Task directions -> Return the run of lines below that opens with the line containing "Women Buttons Closure" and closes with the line containing "NEW USGI Woodland Cordura Butt Pack", keeping each one exact.
━━━ Records provided ━━━
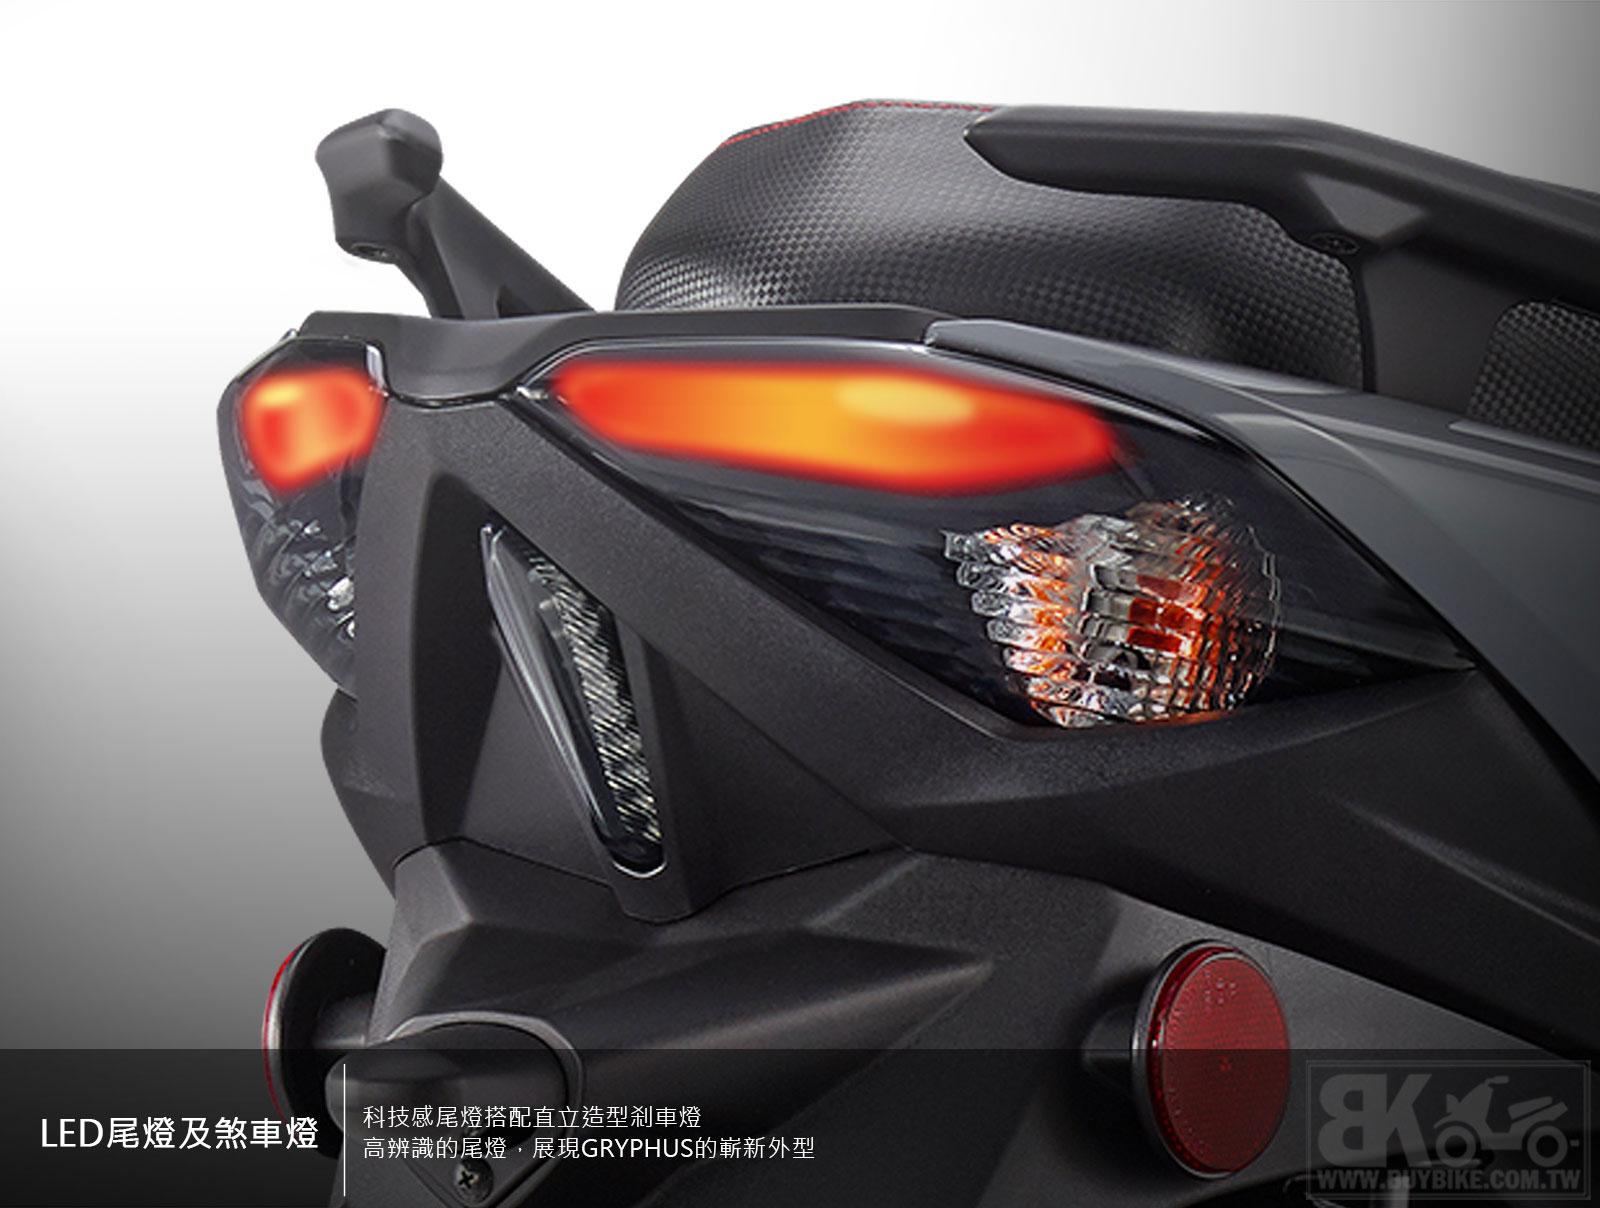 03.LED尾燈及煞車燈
━━━
━━━ Records provided ━━━
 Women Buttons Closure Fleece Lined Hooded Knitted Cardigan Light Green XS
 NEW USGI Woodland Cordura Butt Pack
━━━
━━━ Records provided ━━━
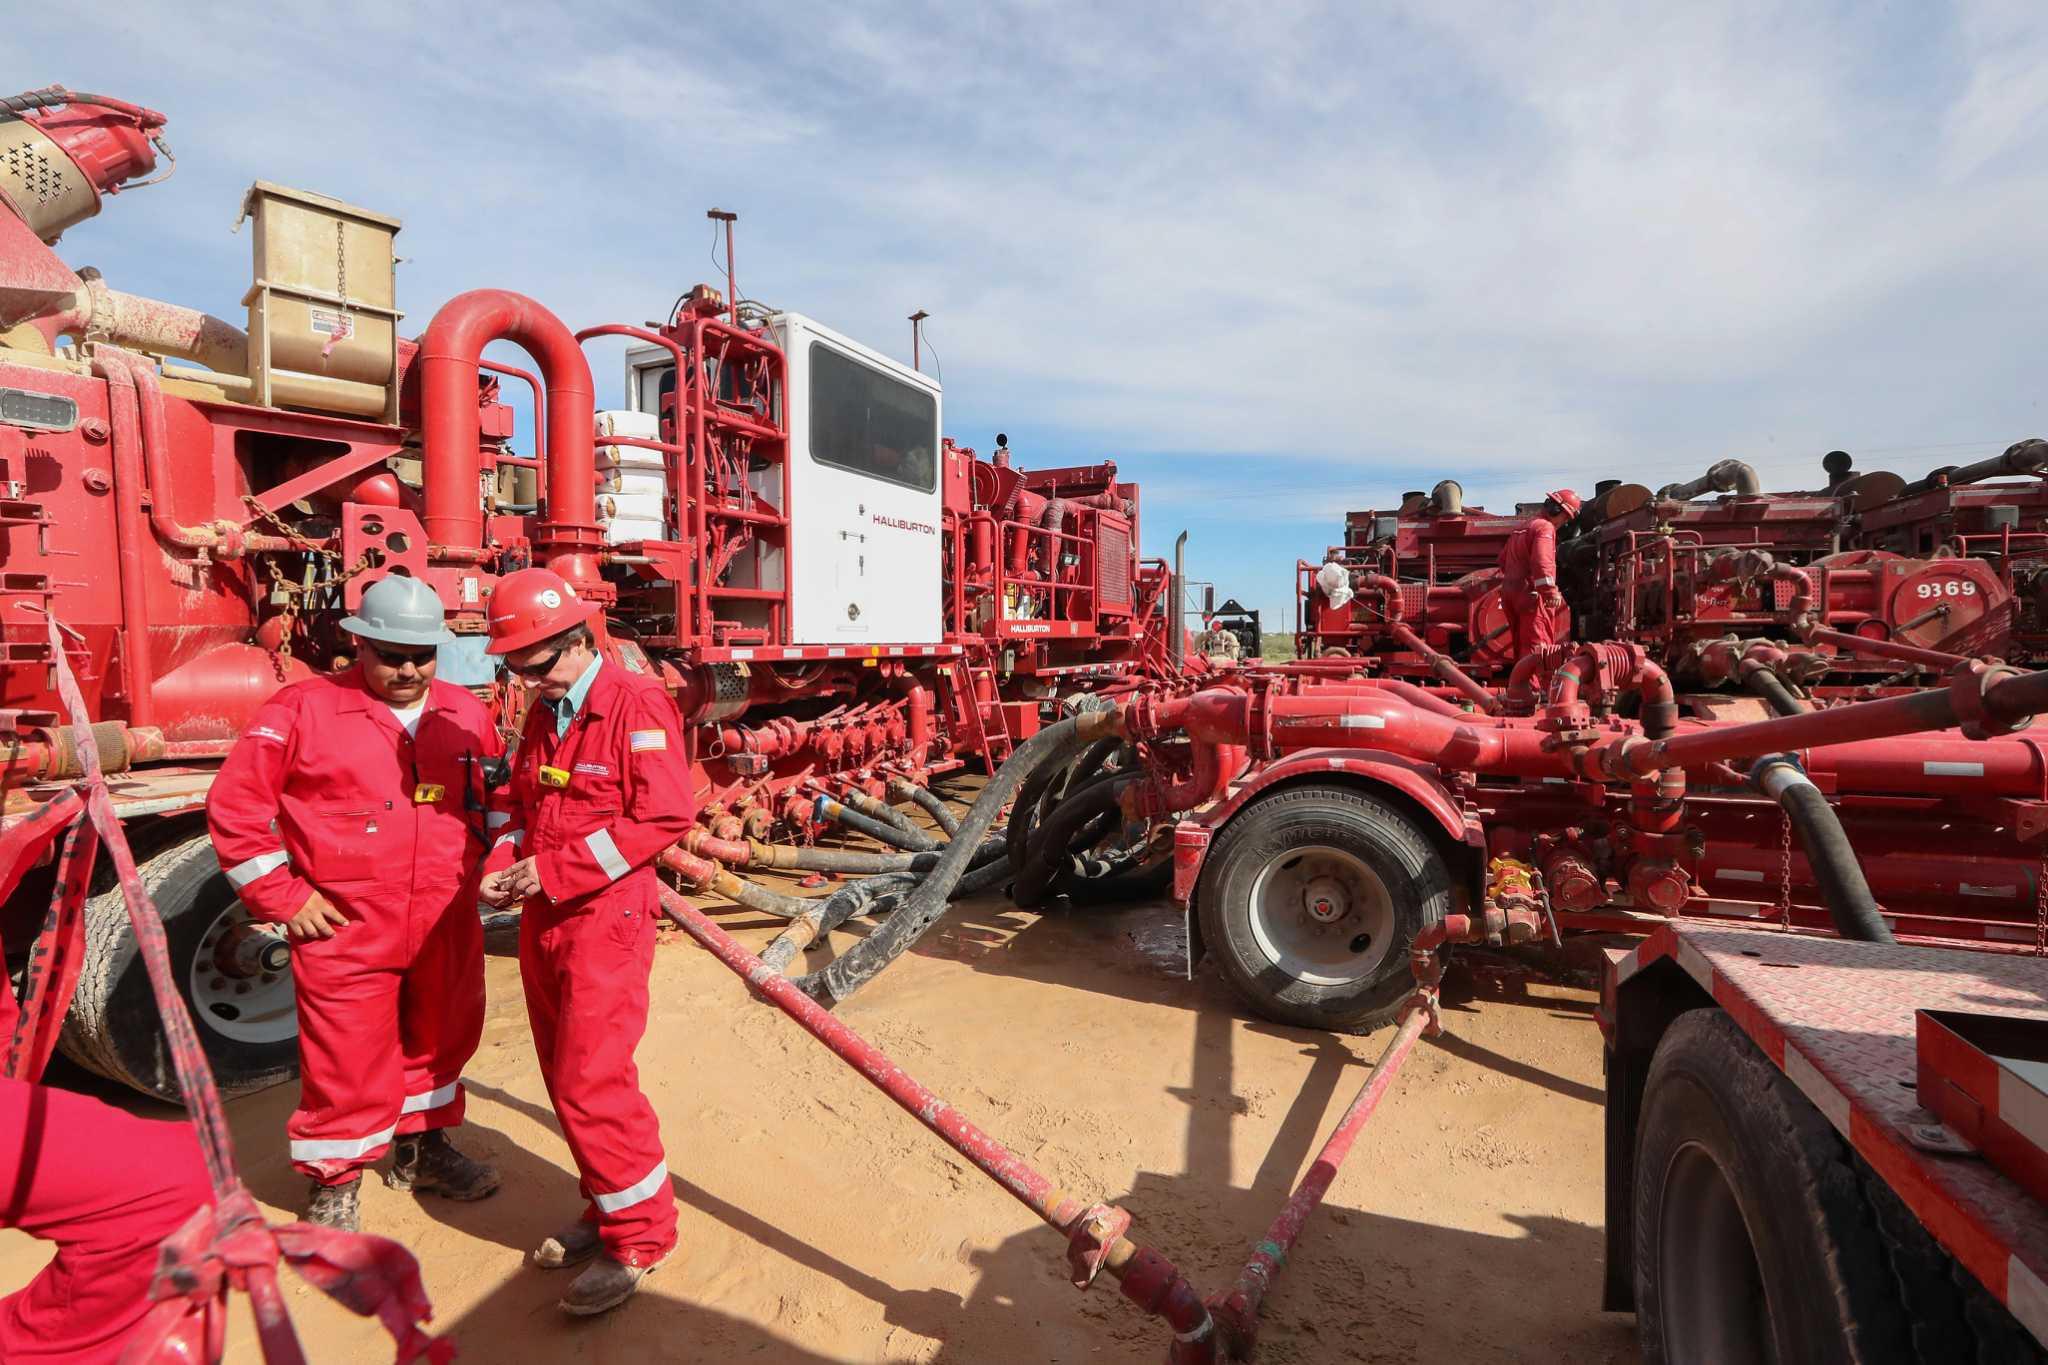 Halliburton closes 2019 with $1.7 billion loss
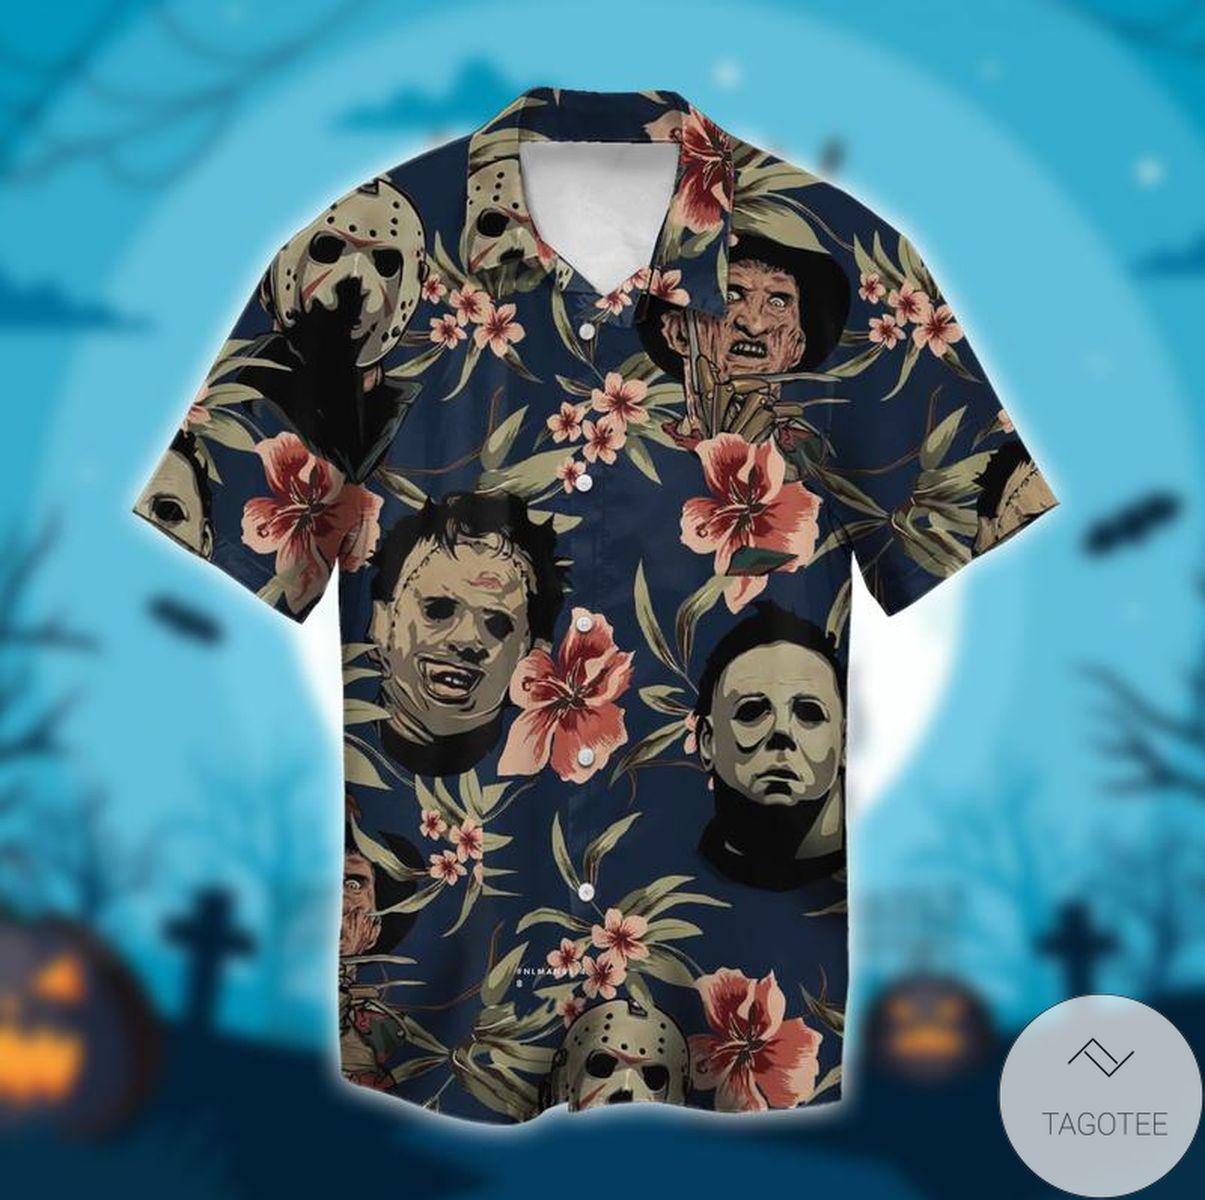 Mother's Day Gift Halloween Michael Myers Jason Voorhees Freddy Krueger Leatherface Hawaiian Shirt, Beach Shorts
━━━
Written answer ->
 Women Buttons Closure Fleece Lined Hooded Knitted Cardigan Light Green XS
 NEW USGI Woodland Cordura Butt Pack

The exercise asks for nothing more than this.